#### Brief:
All of the listing should be output exactly, apart from the pictures.
(Collected material Opens)
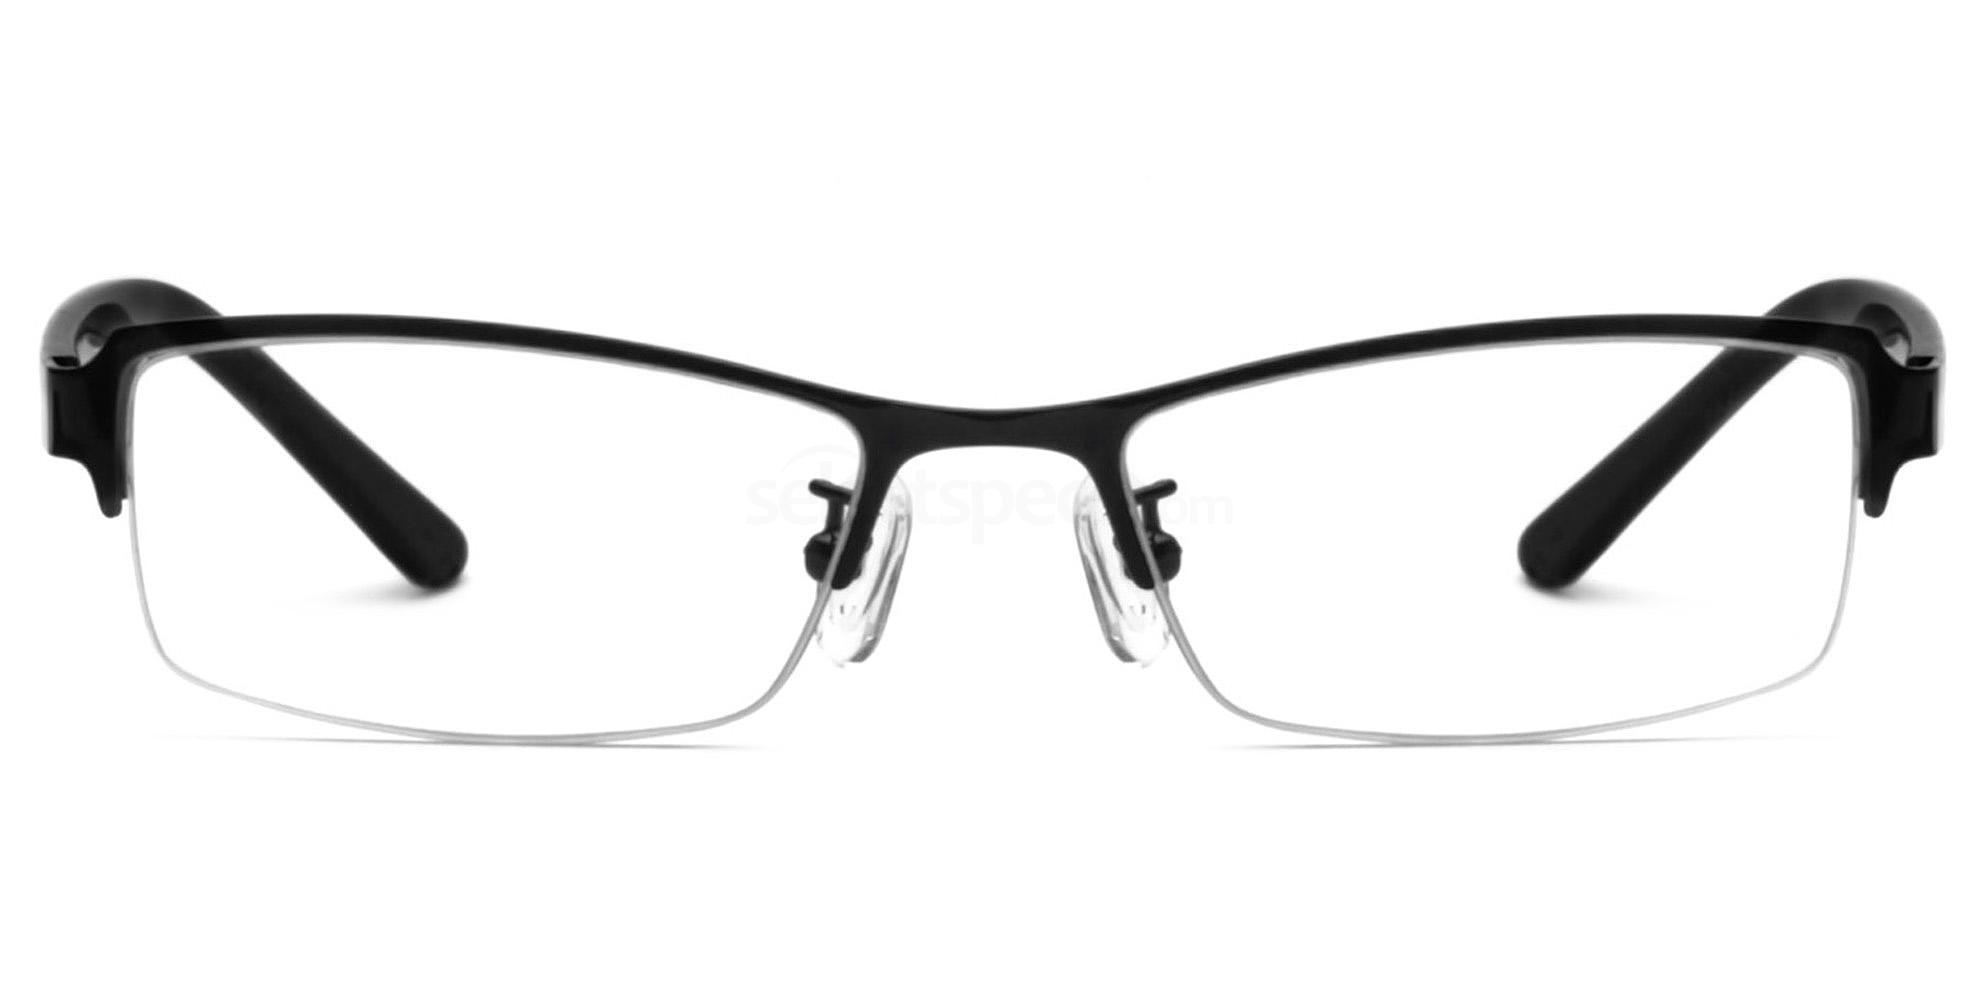 Semi-Rimless-Prescription-Glasses-SelectSpecs
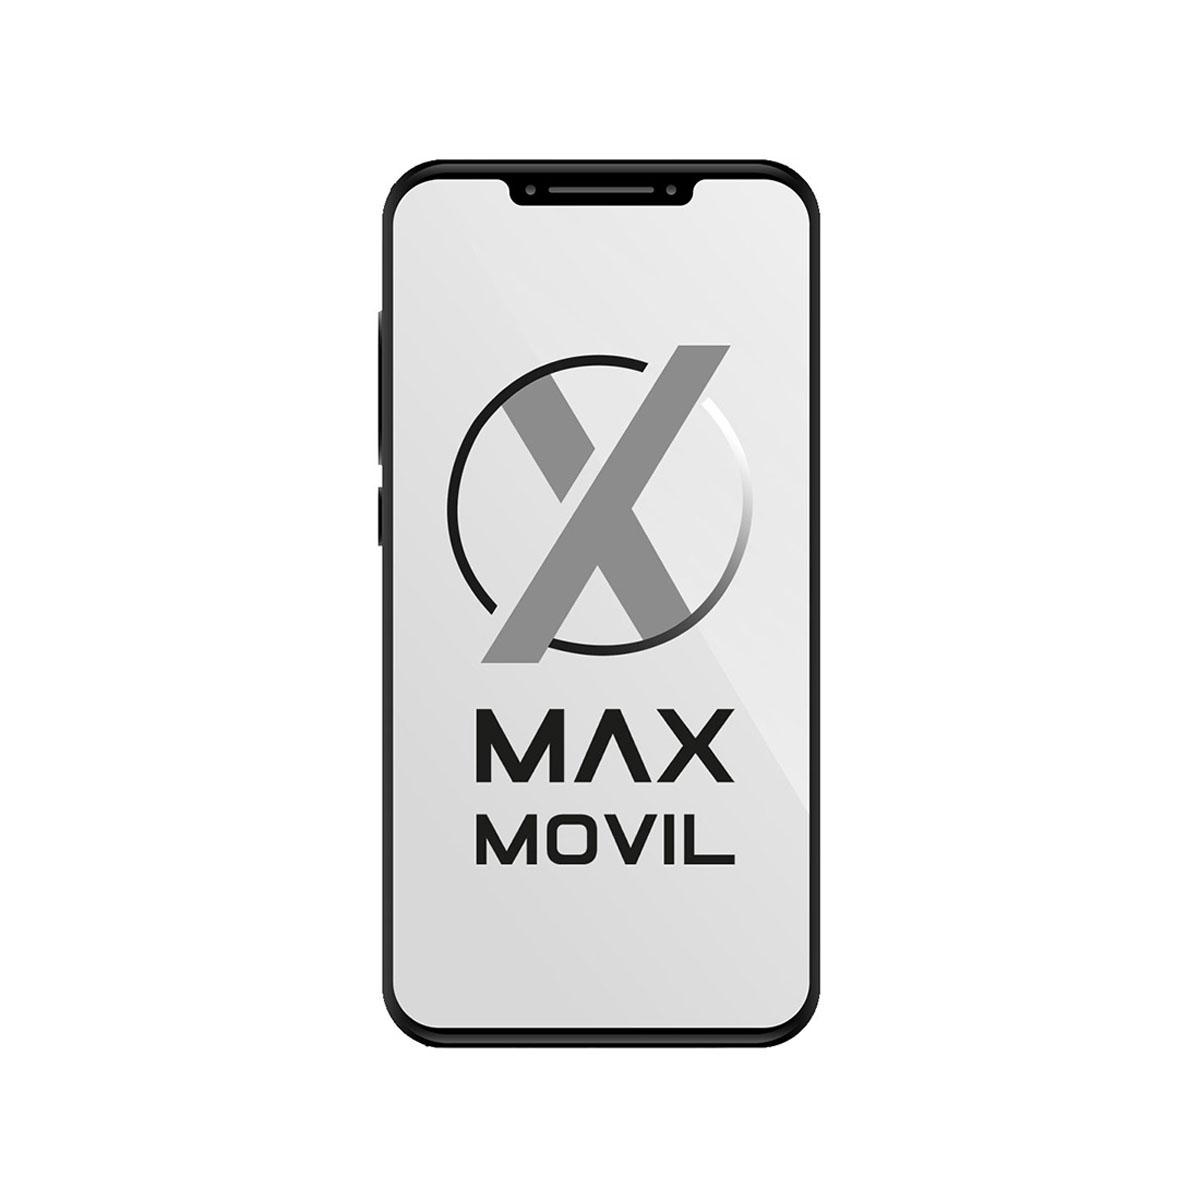 Telefono inalambrico dect Panasonic KX-TG6751SPB + repetidor largo alcance
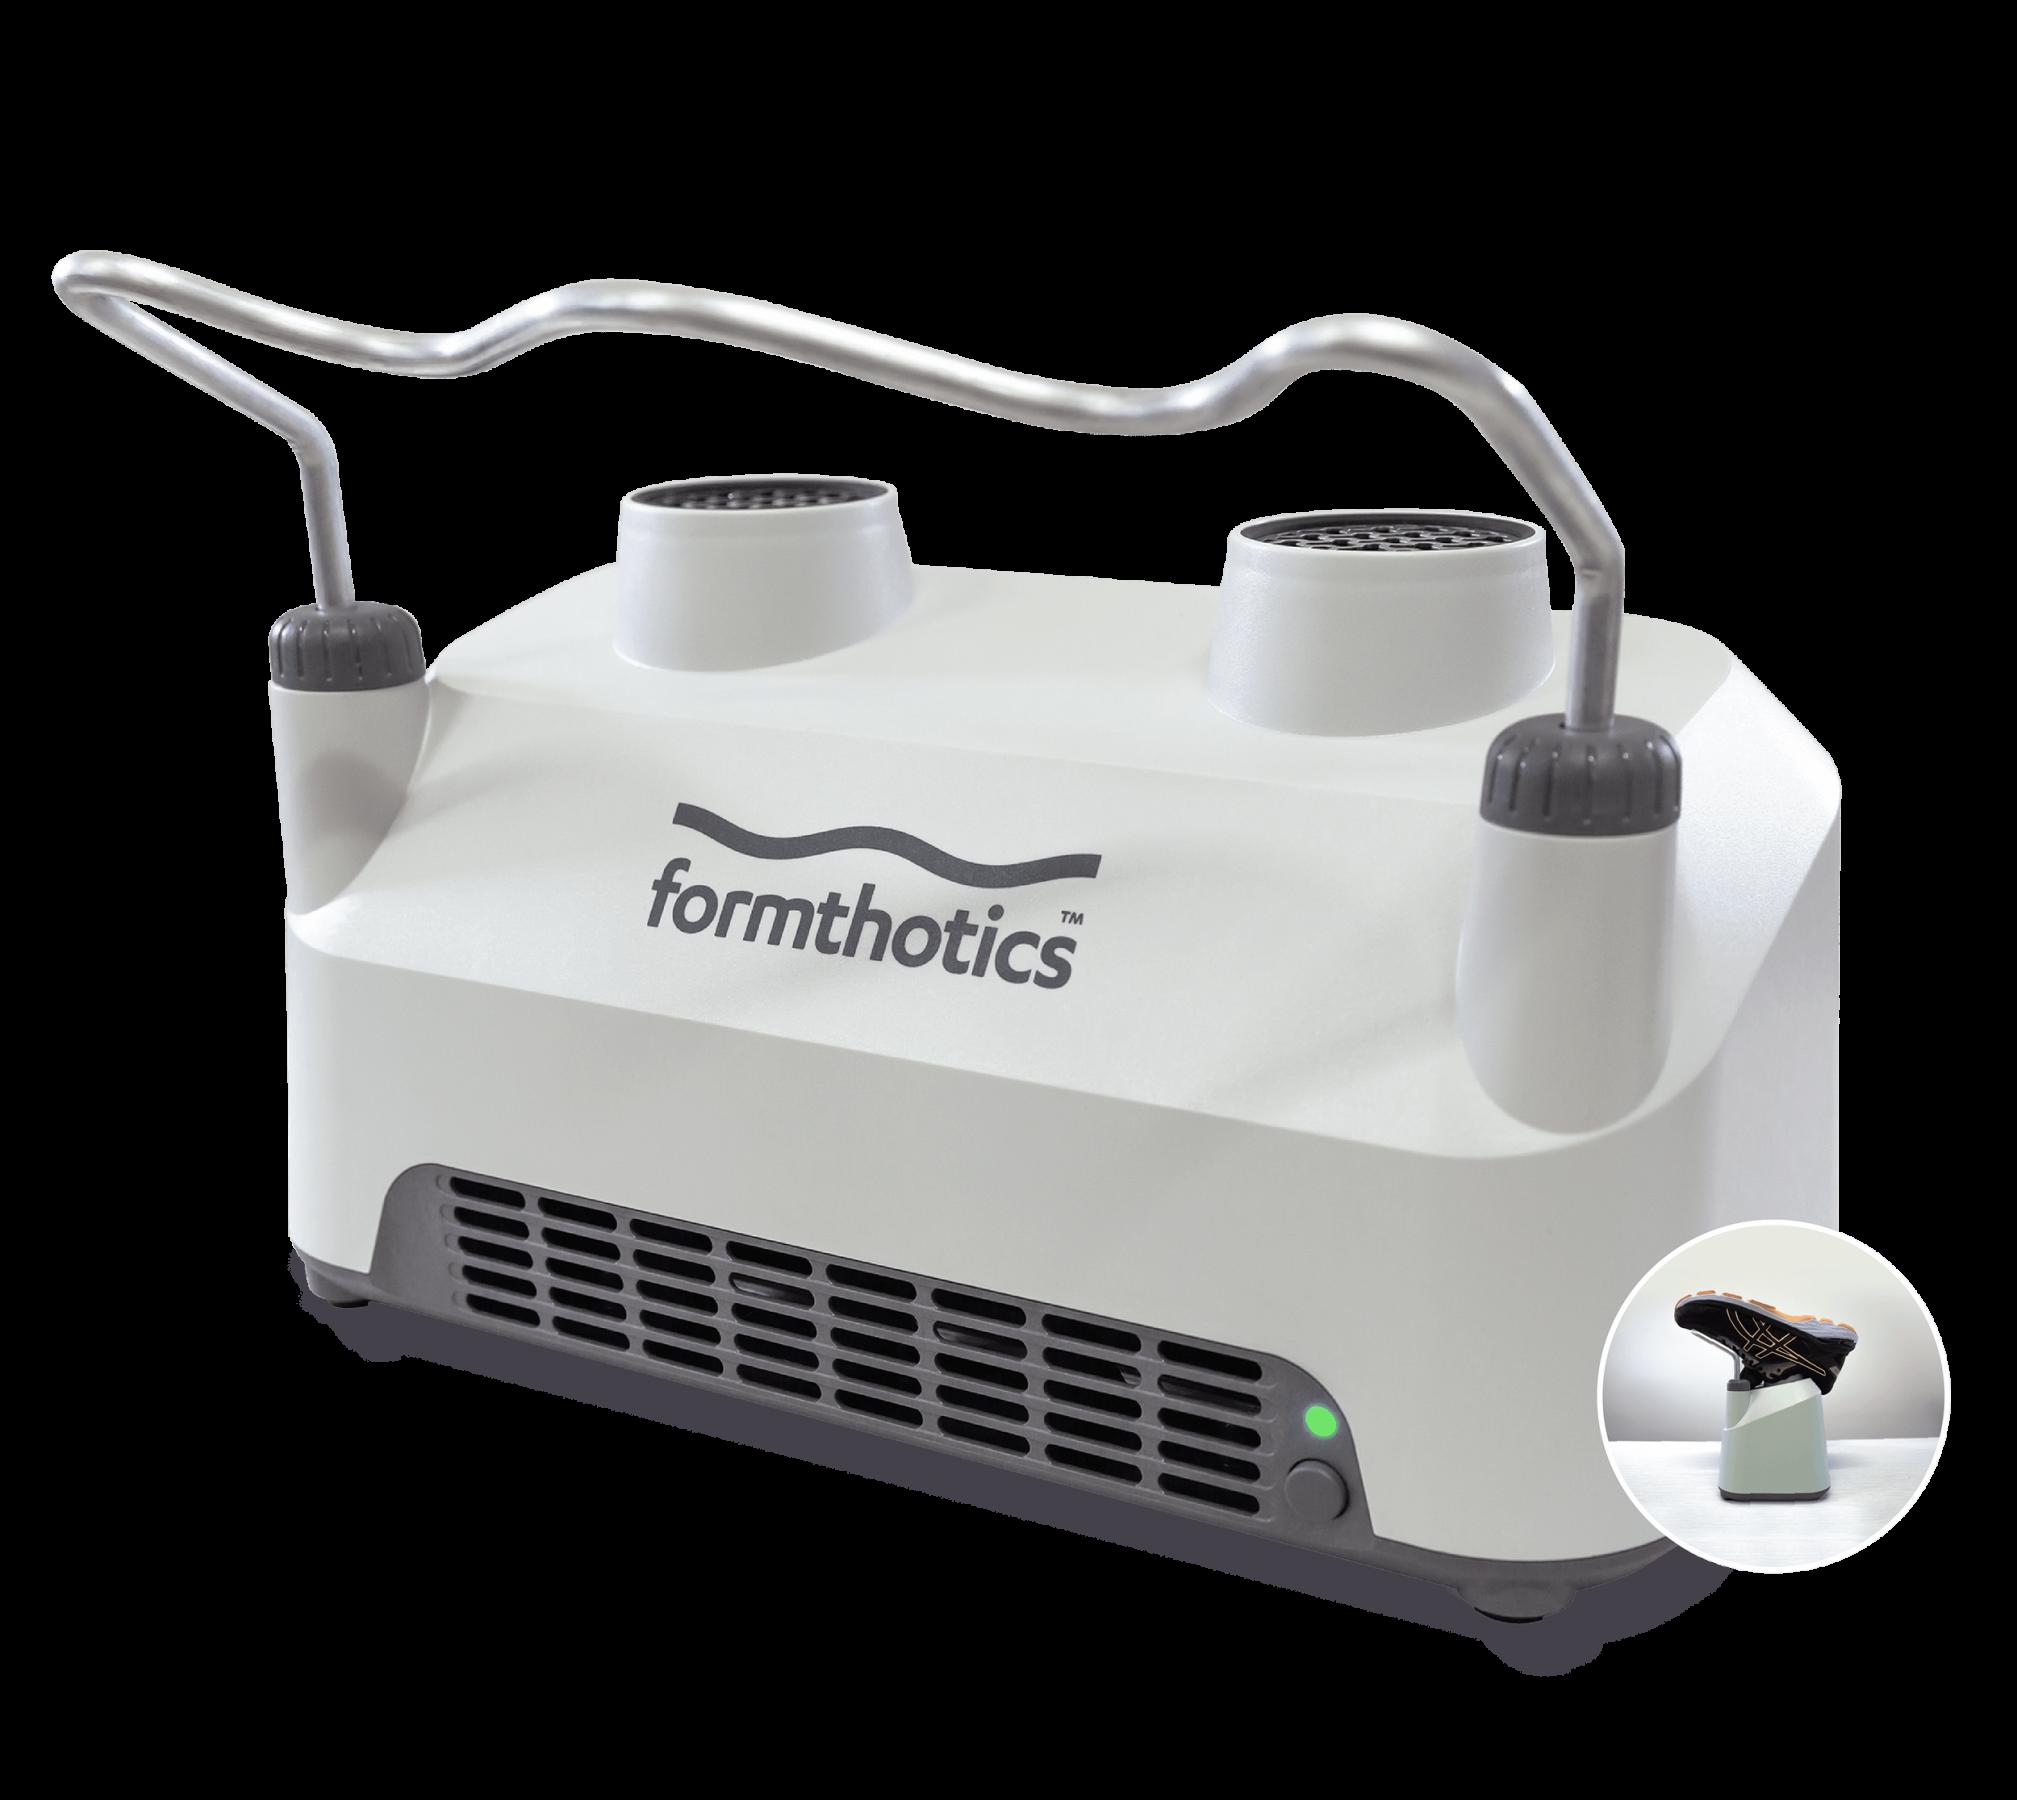 Formthotics Heater
(Collected material Closes)
#### Result of this task:
 Semi-Rimless-Prescription-Glasses-SelectSpecs
 Telefono inalambrico dect Panasonic KX-TG6751SPB + repetidor largo alcance
 Formthotics Heater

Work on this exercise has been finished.